Commandant of Natzweiler-Struthof, 1941 to 1944.

Josef Kramer, born on 10 November 1906, was an SS officer who served as commandant of Natzweiler-Struthof from 1941, where he was personally implicated in the killings carried out for the Hirt skeleton project. He was later commandant at Auschwitz-Birkenau and then at Bergen-Belsen, where his role earned him the postwar epithet 'the Beast of Belsen.' He was convicted at the British Belsen Trial in 1945 and hanged at Hamelin in December 1945.

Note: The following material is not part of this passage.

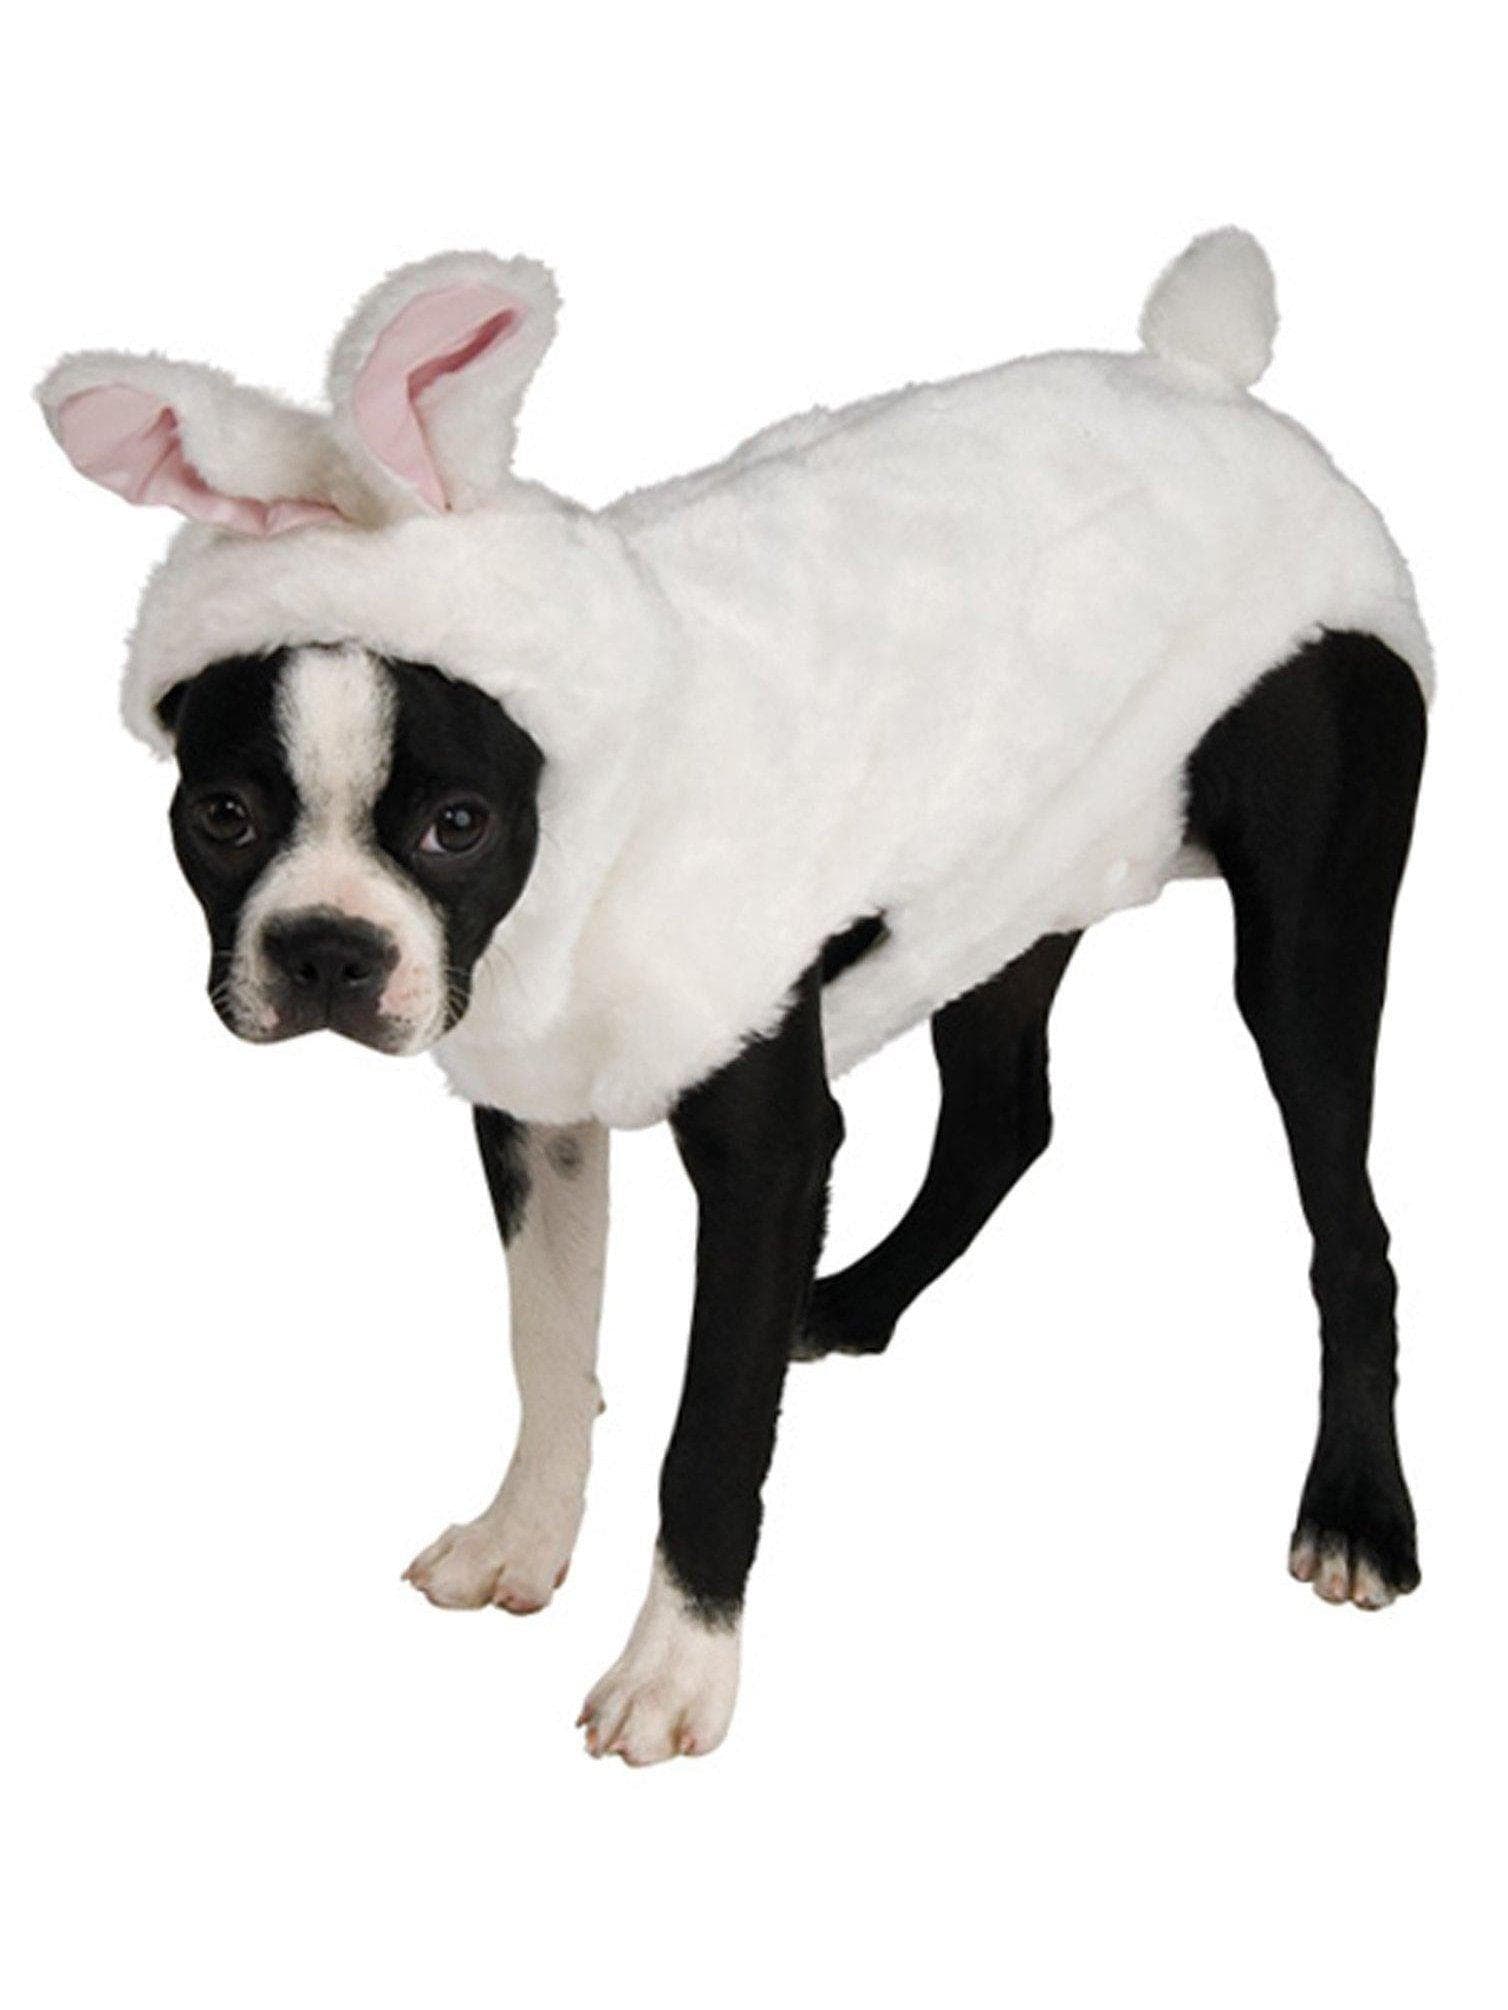 White Fluffy Bunny Pet Costume - costumes.com

Also a commandant at Bergen-Belsen

Subcamps

About 50 subcamps across Alsace, Lorraine, and the adjacent German provinces of Baden, Württemberg, and Hesse, most after the main camp's evacuation. They included Asbach (Obrigheim), Auerbach, Bad Rappenau, Balingen, Bisingen, Bruttig-Treis, Calw, Cernay, Colmar, Dautmergen, Echterdingen, Ellwangen, Frommern, Geislingen, Hailfingen-Tailfingen, Haslach, Heidenheim, Heppenheim, Hessenthal, Iffezheim, Kochendorf, Leonberg, Mosbach, Neckarbischofsheim, Neckarelz, Neckargerach, Neckargartach, Obernai, Offenburg, Rothau, Saint-Dié, Sainte-Marie-aux-Mines, Sandhofen, Schömberg, Schörzingen, Schwäbisch Hall, Spaichingen, Thil, Vaihingen, Walldorf, Wasseralfingen, Wesserling, and Zuffenhausen, among others.